**Data for this task:**
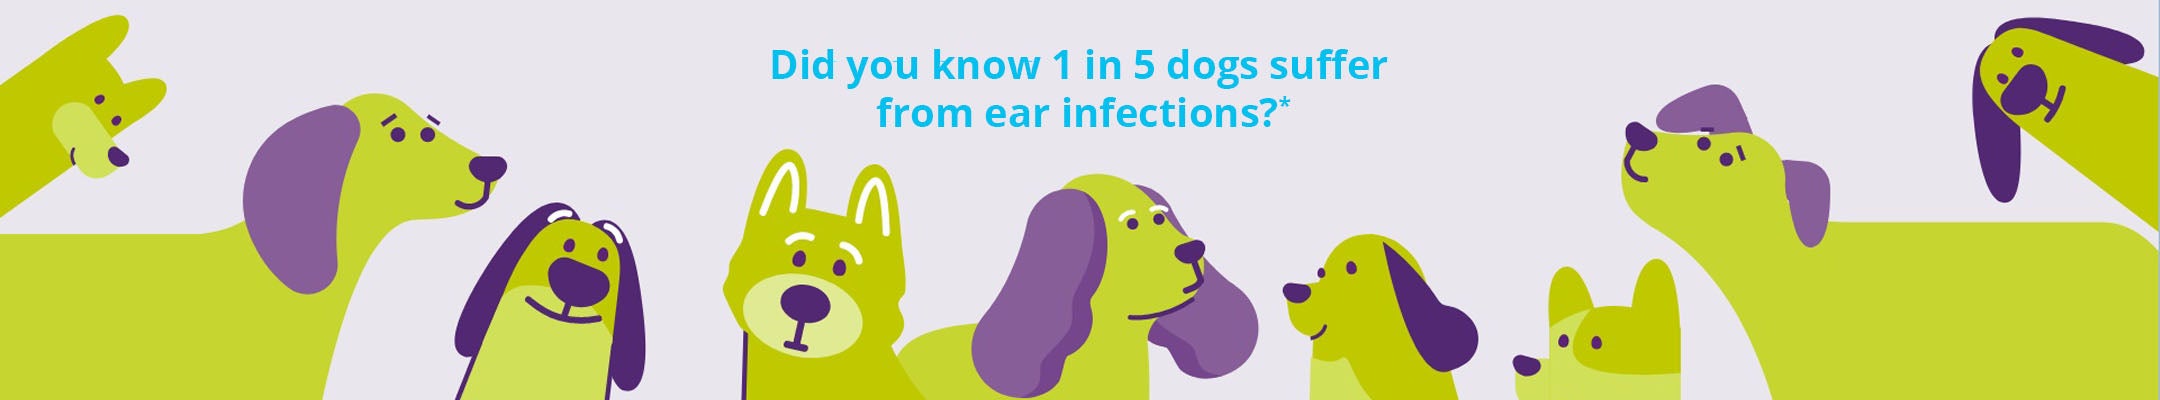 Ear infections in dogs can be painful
--
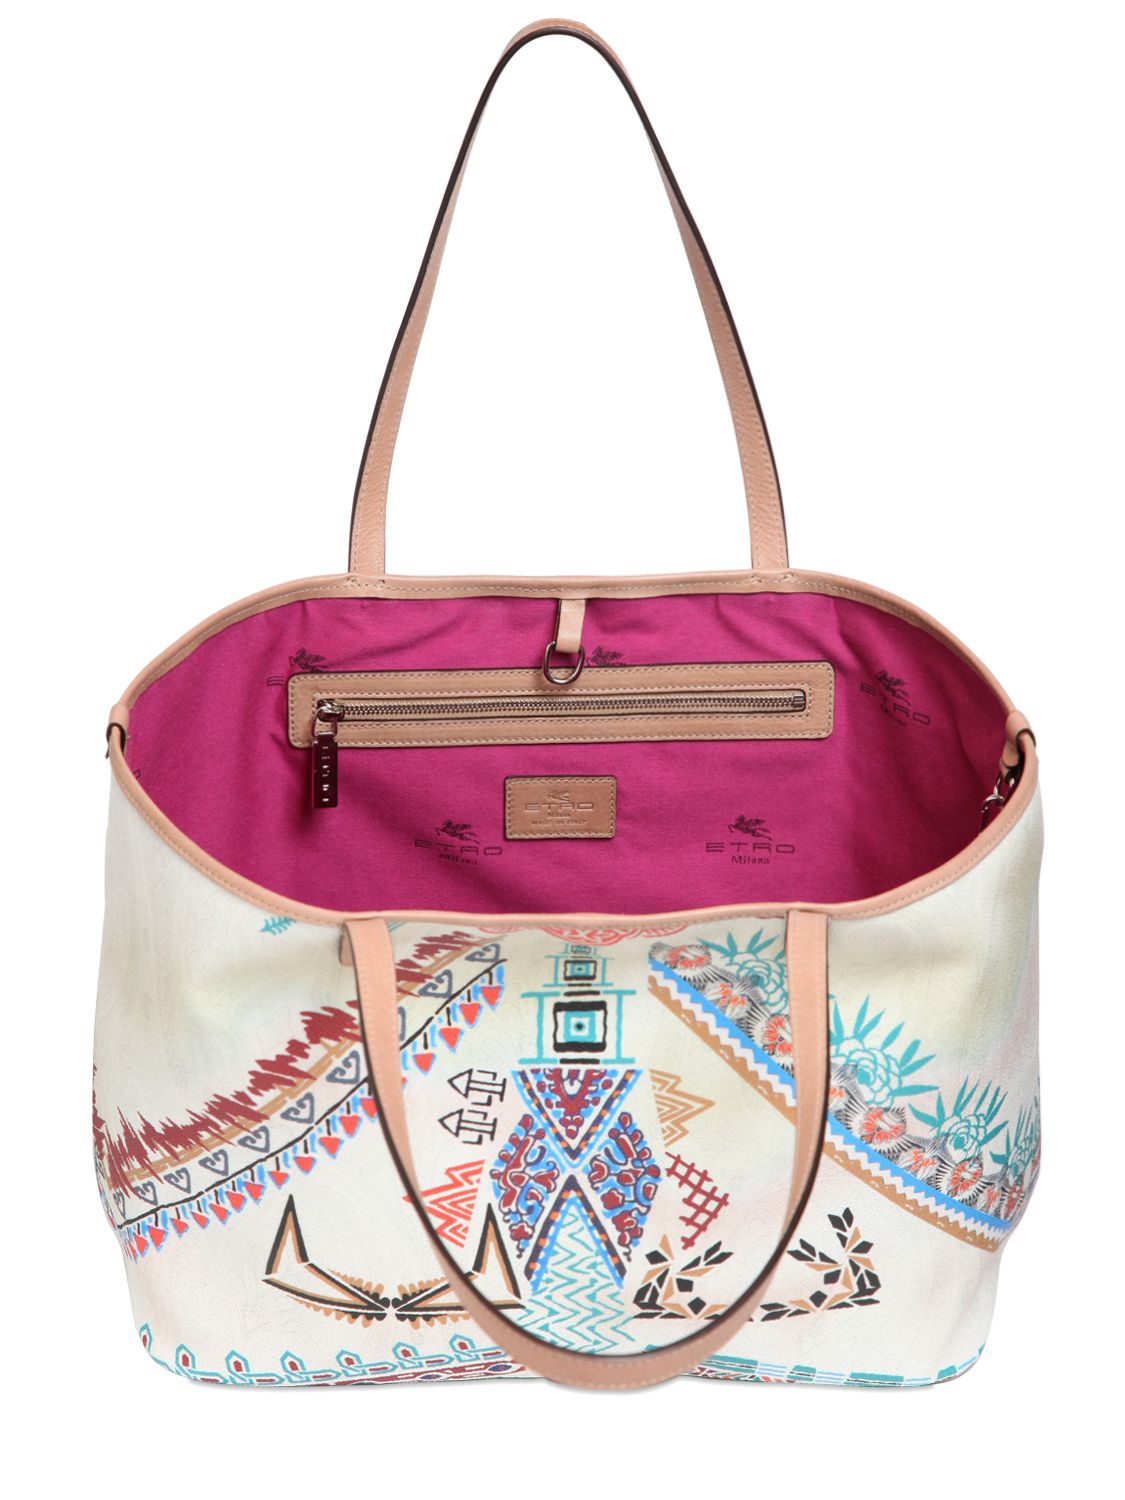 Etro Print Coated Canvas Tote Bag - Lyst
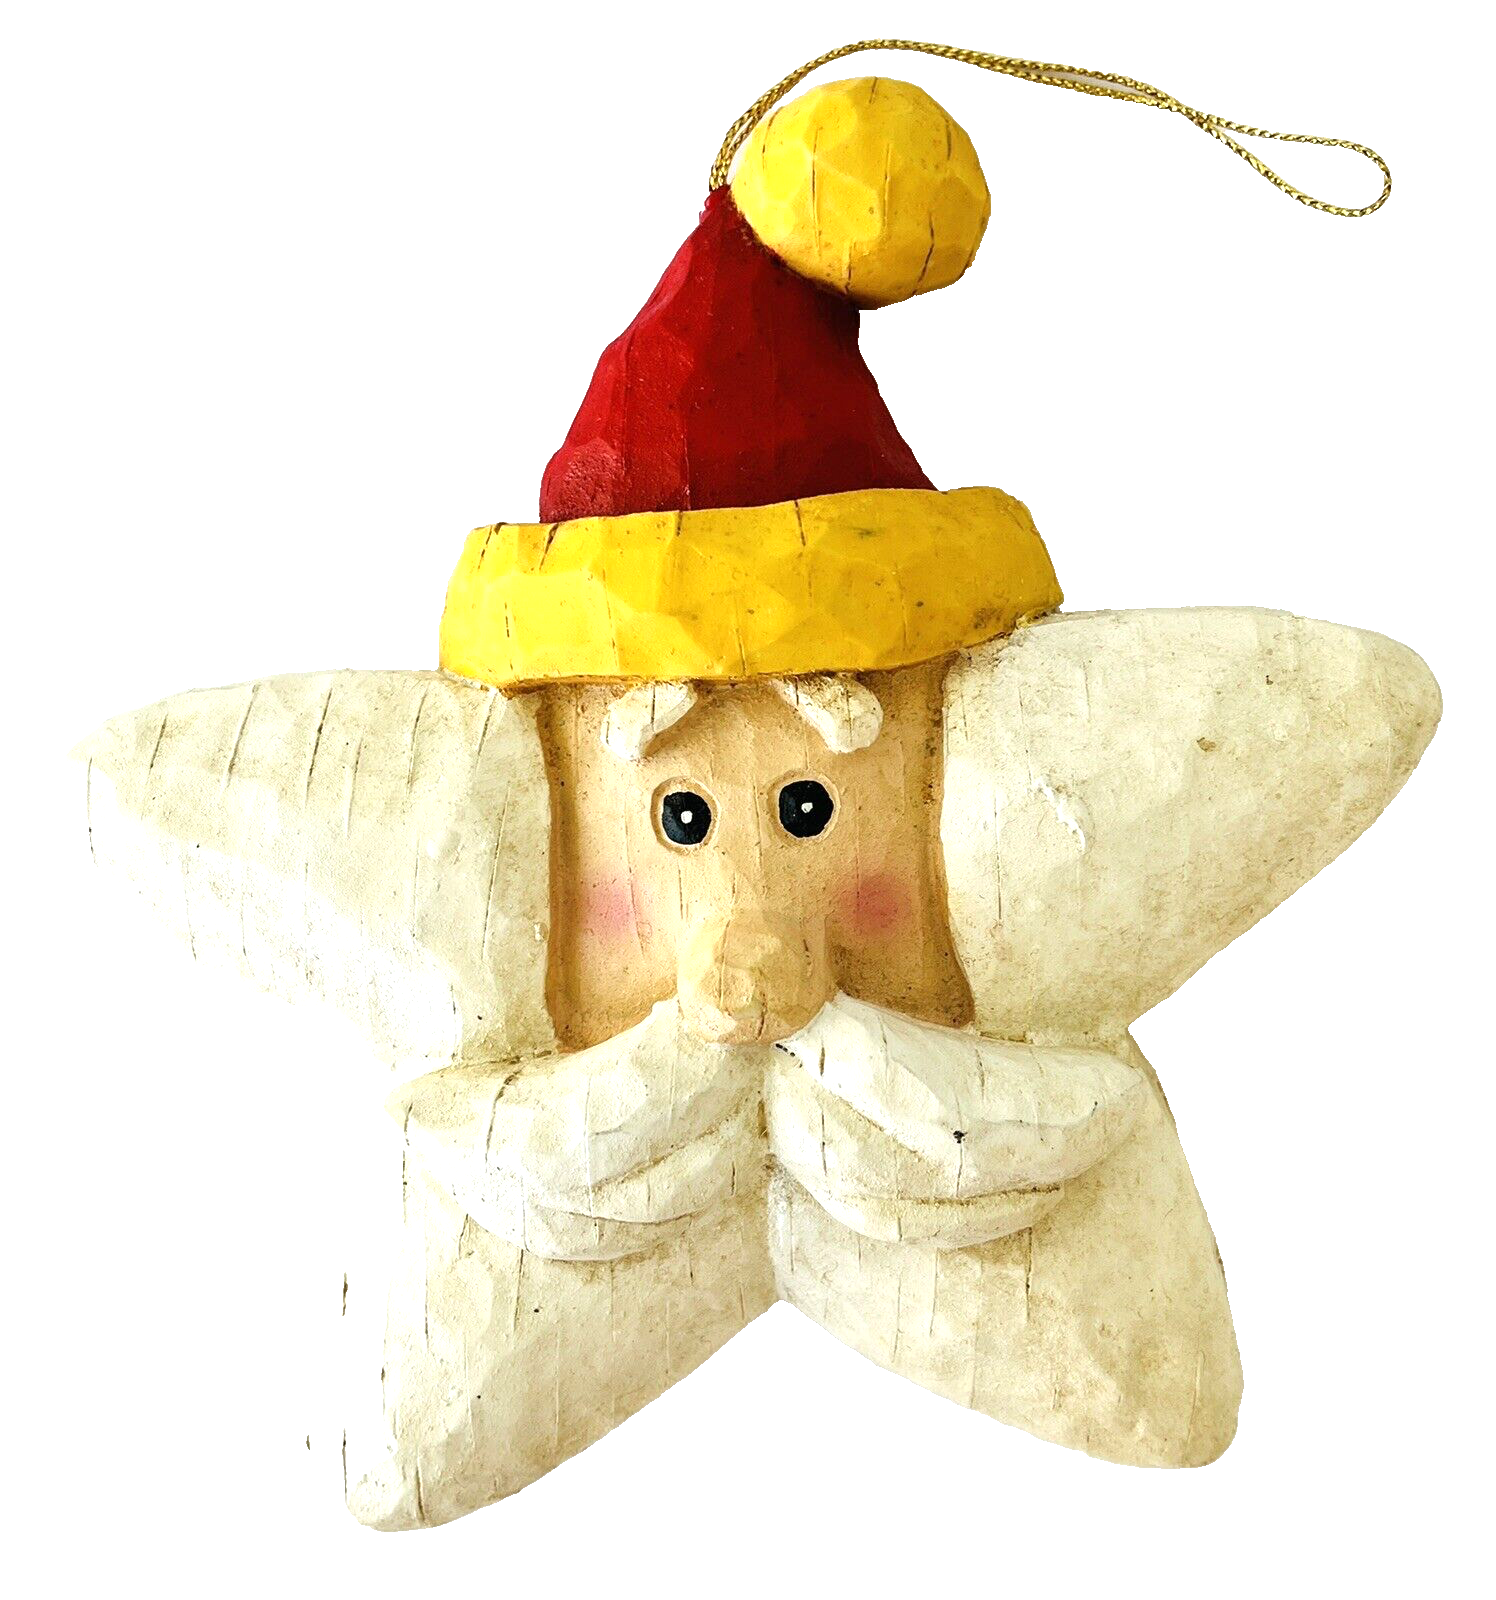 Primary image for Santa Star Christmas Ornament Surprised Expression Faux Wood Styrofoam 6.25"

**Exercise:**
What are the lines above from the one with "Etro Print Coated Canvas Tote Bag - Lyst" to the one with "Primary image for", both included? Reproduce them exactly, without pictures.

**Task solution:**
 Etro Print Coated Canvas Tote Bag - Lyst
 Primary image for Santa Star Christmas Ornament Surprised Expression Faux Wood Styrofoam 6.25"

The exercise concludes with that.